I was dejected and sold my copy. I swore never to go back…I caved recently and I’m all in once again because I do enjoy the series.

Lessons Learned

I think I learned a few lessons from these 5 or so years:

  1. Designers who have a signature series to their name ARE going to tweak it and continue to evolve it.
  2. Don’t believe the hype for new editions until its released and you have a chance to fully explore.
  3. Don’t believe Academy Games release dates. lol! (Tongue in cheek of course…but not really)
  4. Customers need an upgrade pathway.

Upgrade pathways

You may disagree with me here if you’re a publisher or a designer. I understand your business premise. I don’t understand your customer service stance…

Edition changes that alter components NEED an upgrade pathway for existing customers. If you don’t do this…you are both lazy and greedy. That’s a bold claim, but there’s really no excuse for it. I certainly respect the need to make money and think upgrades CAN make money! Further, I understand the need to minimize warehousing and overprinting products.

Here are a few ways to fix that problem:

  • Promote the upgrade kit alongside the announcement of the new edition.
  • Offer the upgrade kit on a pre-order only basis.

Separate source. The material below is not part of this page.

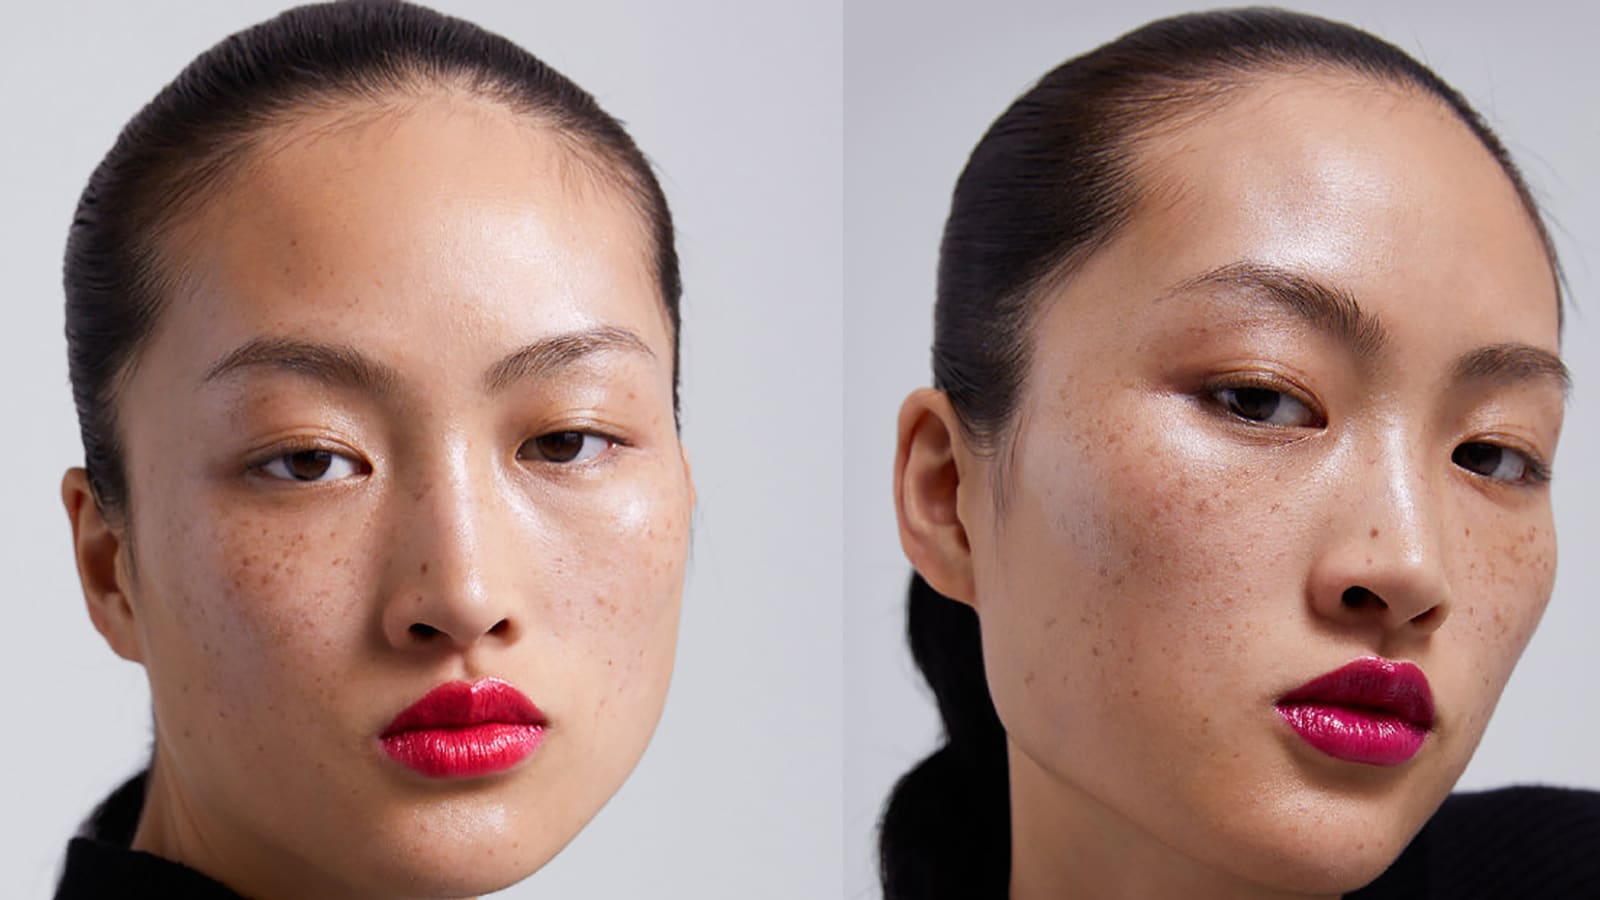 حملة لـ"زارا" تشعل الجدل حول النمش ومعايير الجمال في الصين

Only “overprint” maybe an additional 10% of your ACTUAL sales during the pre-order period.
  • Upgrade your distribution chain’s old edition copies with the upgrade kit and sell those copies as a new product with a pricepoint that seems to make the most sense for the now combined products.

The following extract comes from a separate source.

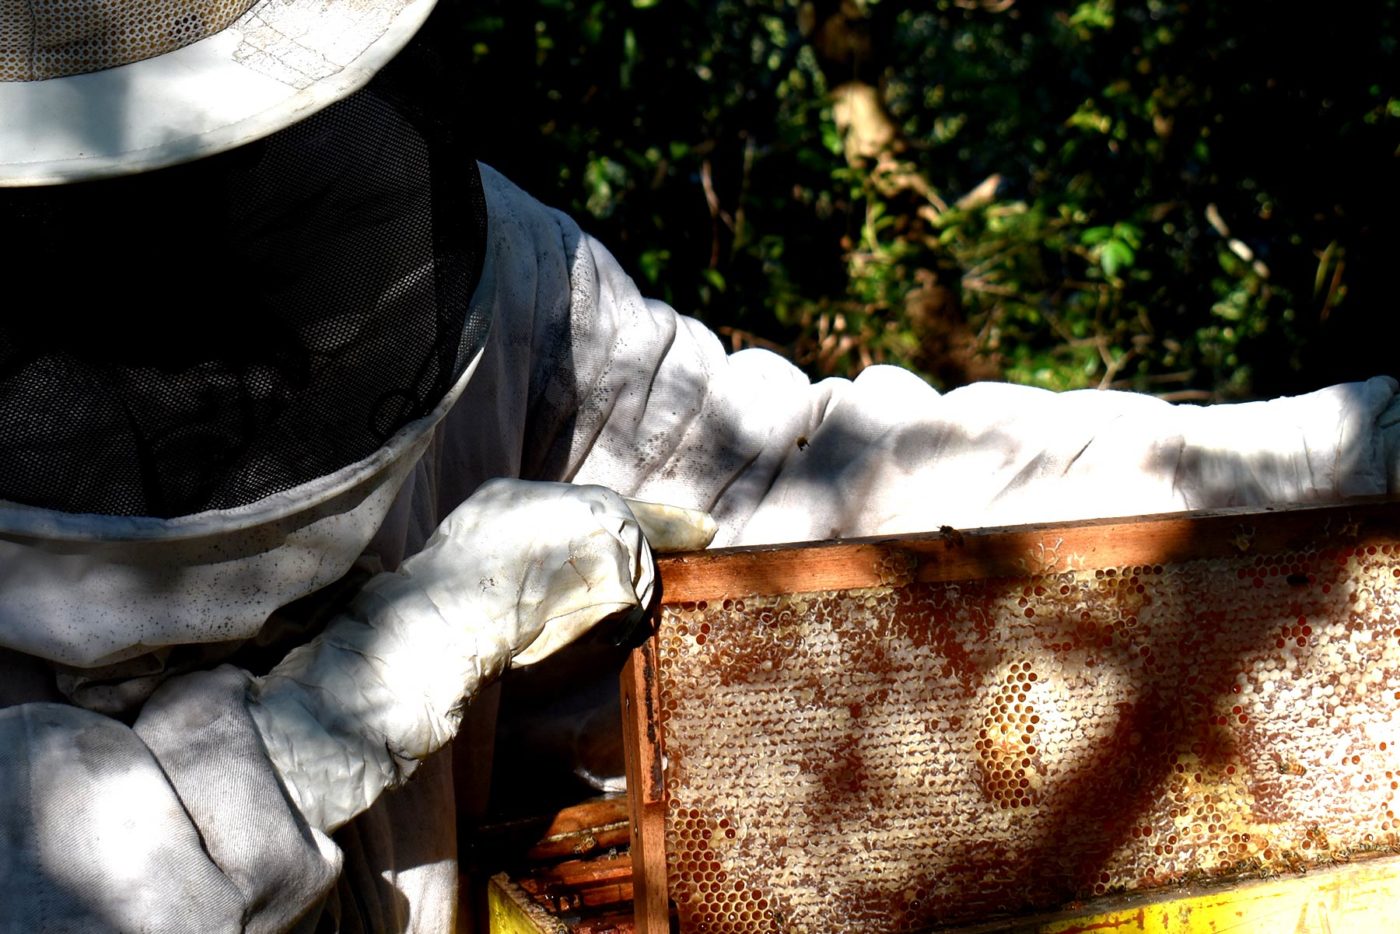 Loja do MEL: Comprar mel puro direto do apiário!

In effect, service your existing customers with an opportunity. You’re already printing the new components after all! Make it clear that this is a limited time opportunity and that once the stock is gone, that’s it. While this is unlikely to sell more than about 20% of your prior edition copies that should convince you that a) you want to preach to the choir or lose them and b) that you’re not talking about a massive run of these upgrade kits which will already (for the most part) be paid for when they get shipped.

Back to Ownership

Customers want the “best” version of a game. Designers, even veteran ones, continue to hone their craft and see design problems in new ways. This means that subsequent versions that a designer convinces a publisher to sell will be better on the whole. While some exceptions are likely to occur…nobody is burning those copies Fahrenheit 451 style!

Designers should be the ultimate say in what their game says, how it plays, and how fans interact with it over the course of its lifetime. Gamers have the final say in how the game is played at their table of course. If they want to disregard the changes, make their own house rules, or disregard the rules and just chuck counters at their cat…they can certainly feel free to do so…psychopaths that they are!

Say it!

Designs are never finished. They’re just left in a state where designers feel they’re ready at the time.

I’m good with that and support it. Long live the 2nd…3rd…4th? edition of some of the hobby’s best games!